Merci à Pierre-Jean Llorens pour le partage de cet article qui n'engage que son auteur ; le sujet est intéressant c'est pourquoi cet article est inséré sur le site.

En passant une centaine de commandes, des chercheurs de deux universités américaines et d'une université européenne ont cherché à savoir comment procèdent les spammers, comment ils gagnent de l'argent et à quels maillons essentiels ils font appel. Principale conclusion : la solution au spam pourrait se trouver au sein des banques.

Le spam et une véritable plaie, il n'est plus nécessaire de l'expliquer à personne. On estime aujourd'hui que 200 milliards (!) de messages non sollicités sont désormais envoyés chaque jour, et seul le fonctionnement relativement efficace des filtres

permet à l'e-mail de rester un moyen de communication à peu près utilisable.

 

Et pourtant :les e-mails qui polluent nos messageries sont encore beaucoup trop nombreux. De plus, tout message bloqué doit quand même être envoyé quelque part, de sorte que les meilleurs filtres n'empêchent pas qu'une énorme quantité de données inutiles sature peu à peu le net. De meilleures solutions s'imposent par conséquent, par exemple en s'attaquant aux spammers à la source.

Des milliards de mails, 45 entreprises

Les chercheurs de deux universités californiennes et de l'université de Budapest ont dès lors analysé la chaîne logistique qui se cache derrière ce énième mail faisant la promotion du Viagra ou de logiciels bon marché. Il en ressort d'abord que deux intermédiaires séparent les expéditeurs des mails des fabricants proprement dits. Entre les deux, on trouve des réseaux affiliés  qui font office de revendeurs et empochent bien entendu une partie de l'argent. A ce propos, il faut savoir que le spammer s'approprie généralement entre 30 à 50% du prix total.

Selon les chercheurs, on ne recense qu'environ 45 revendeurs actifs dans le monde, malgré les milliards de mails envoyés chaque jour. Il n'est cependant pas facile de s'attaquer à eux, non seulement parce qu'ils sont répartis dans le monde entier, mais aussi parce qu'on ne peut rien leur reprocher dans de nombreux pays. De même, il n'y a guère de sens à s'attaquer aux entreprises d'hébergement qui accueillent ces boutiques en ligne sur leurs serveurs. Non pas parce qu'elles pourraient aisément échapper aux poursuites, mais parce qu'il est bien trop facile pour les spammers de trouver un nouvel hôte. Le nombre de fournisseurs est presque illimité.

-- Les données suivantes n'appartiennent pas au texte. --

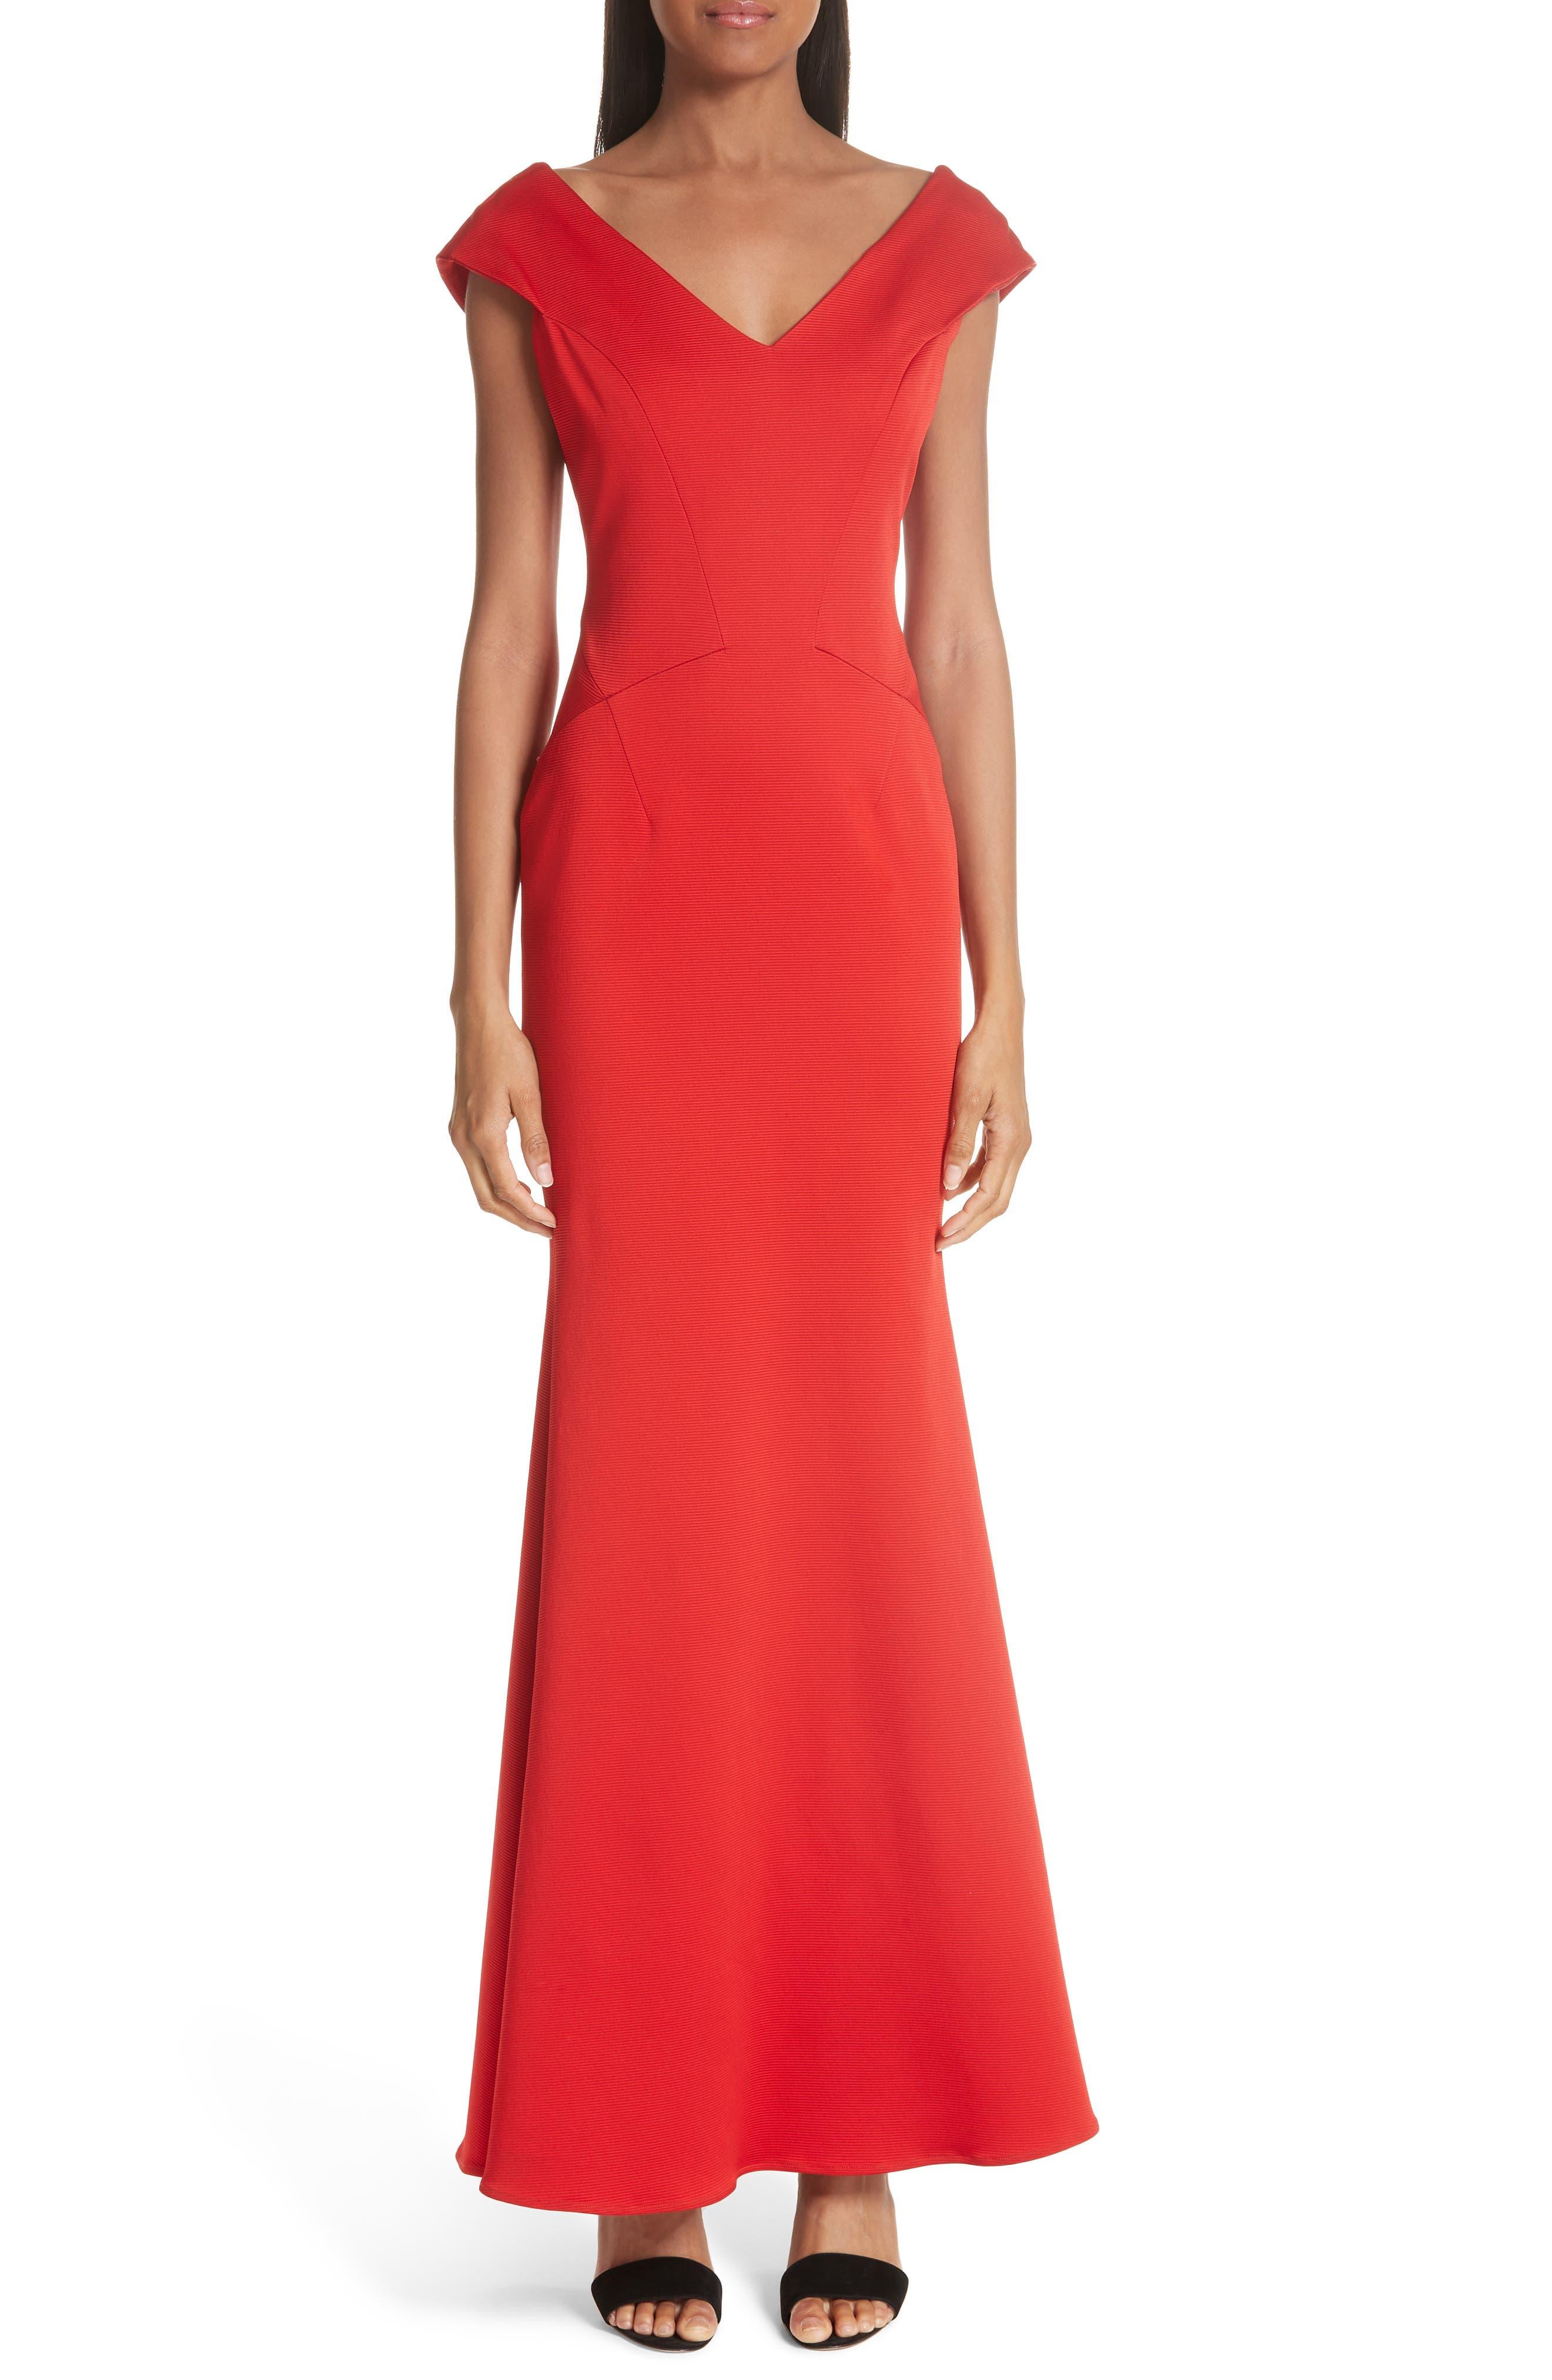 ZAC ZAC POSEN, Nina Trumpet Gown, Alternate thumbnail 6, color, RED

Azerbaïdjan, Caraïbes et... Norvège

Dans cette quête de goulots d'étranglement susceptibles d'être coupés, on en arrive rapidement aux banques. Les chercheurs ont réalisé, comme on l'a dit, plus de 100 achats : les sociétés de cartes de crédit en ont accepté 76 dans un premier temps, alors qu'un deuxième contrôle de sécurité a ramené ce nombre à 56. Sur ces 56 commandes acceptées, 49 ont effectivement été livrées : la probabilité qu'un spammer vous escroque complètement est donc étonnamment réduite.

Sur ces 56 transactions réussies, plus de 95% ont été exécutés par seulement trois banques et 60% par la plus populaire d'entre elles. Il s'agit de l'Azerigazbank(Azerbaïdjan), de la St Kitts&Nevis Anguilla National Bank (une banque basée à Saint-Kitts-et-Nevis, une petite île des Caraïbes) et de la banque lettone DnB Nord.

Cette dernière banque est désormais la propriété du groupe norvégien DnB NOR, lequel s'est empressé de déclarer sur Twitter qu'elle avait hérité d'un client « engagé dans des activités de spamming » lors de l'acquisition d'une banque lettone, mais l'avait immédiatement exclu.

Naturellement, il ne faut pas attendre de miracle de cette approche : quelques coups de téléphone ne suffiront pas pour assécher financièrement les spammers. Mais comme les chercheurs l'expliquent : il leur sera bien plus difficile de trouver une nouvelle banque que de mettre sur pied un nouveau site Web. Si nous voulons vraiment nous attaquer aux spams, la seule solution réaliste est donc de s'attaquer à une poignée de banques.